Applications of the transmitted Kirchhoff-Holmholtz method to transmitted body waves and possible structural effects at NTS

Abstract
We extend the Kirchhoff-Helmholtz integral method to calculate acoustic potentials which transmit through three-dimensional warped boundaries. We specify the potentials on an arbitrary surface with Snell's law and plane-wave transmission coefficients and numerically integrate their contributions at a receiver via the scalar integral representation theorem. The method is appropriate for modeling precritical transmitted potentials. Results from test models compare well with optical solutions for transmissions through a flat interface.

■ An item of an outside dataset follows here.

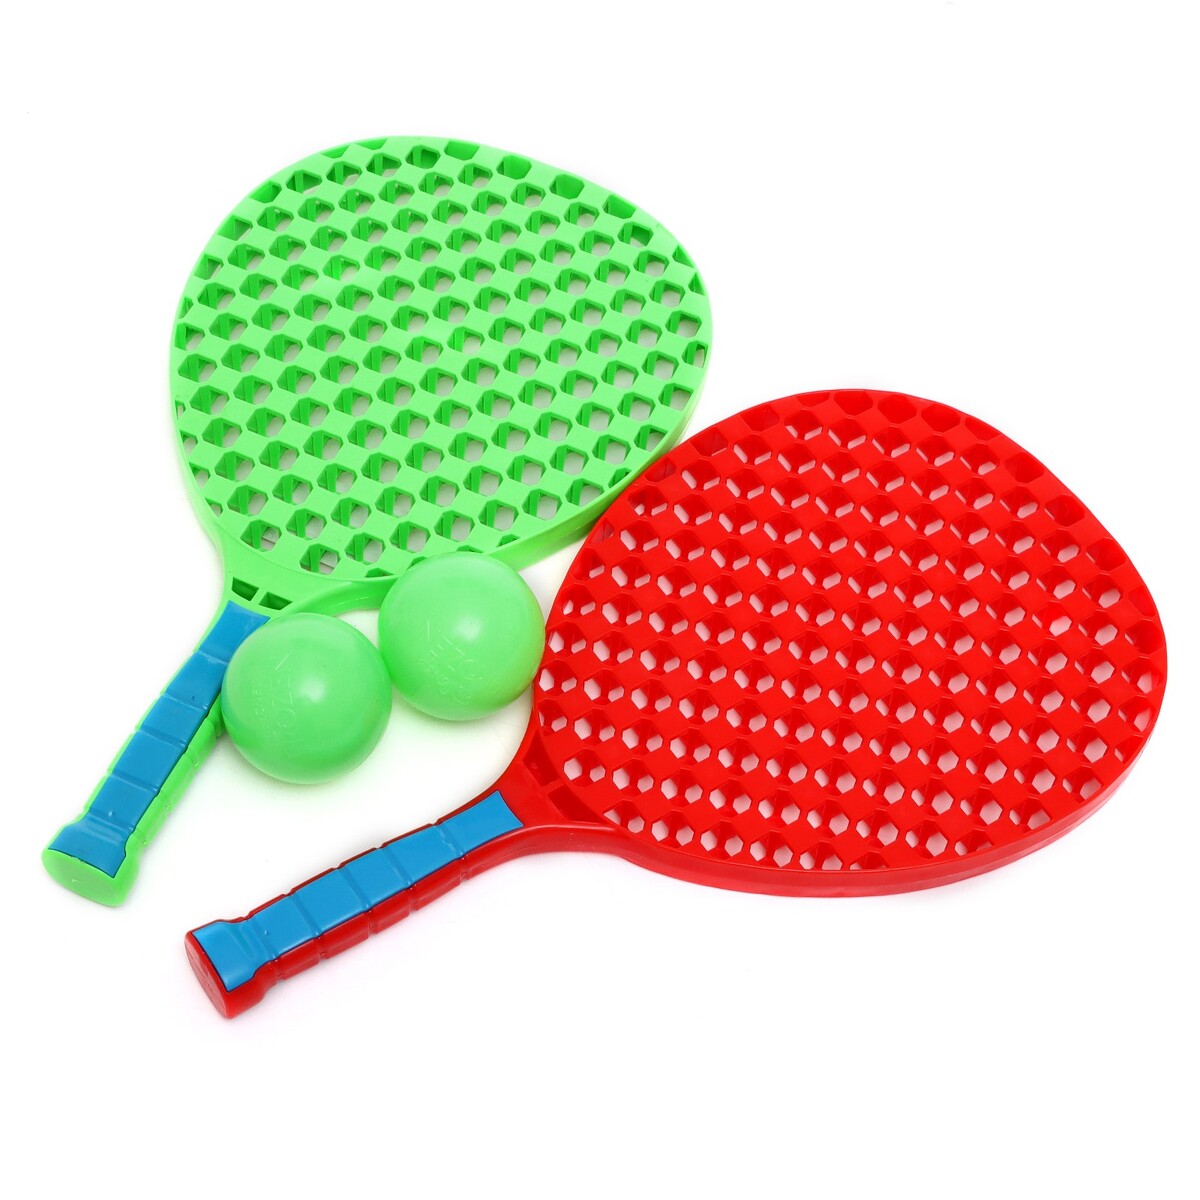 Игровой набор набор настольный теннис детский оранжево зеленый в ассортименте

We model the effect of several idealized crust-mantle boundary structures on teleseismic P wave generated by explosion sources. The structures are all upwarps and are designed to produce travel-time residuals as a function of delta and azimuth which have the same magnitude as residuals observed for NTS tests within Pahute Mesa. These structures consistently cause complicated low amplitude waveforms which arrive early and simple high amplitude waveforms which arrive late. Thus, they cause systematic amplitude variations with azimuth, delta, and source location. The magnitude of this variation is less than or equal to 212. This factor is somewhat less than the observed ab amplitude variation with azimuth of Pahute Mesa tests; however, it is approximately the same magnitude as the observed ab variation at a given station as a function of test location within the mesa.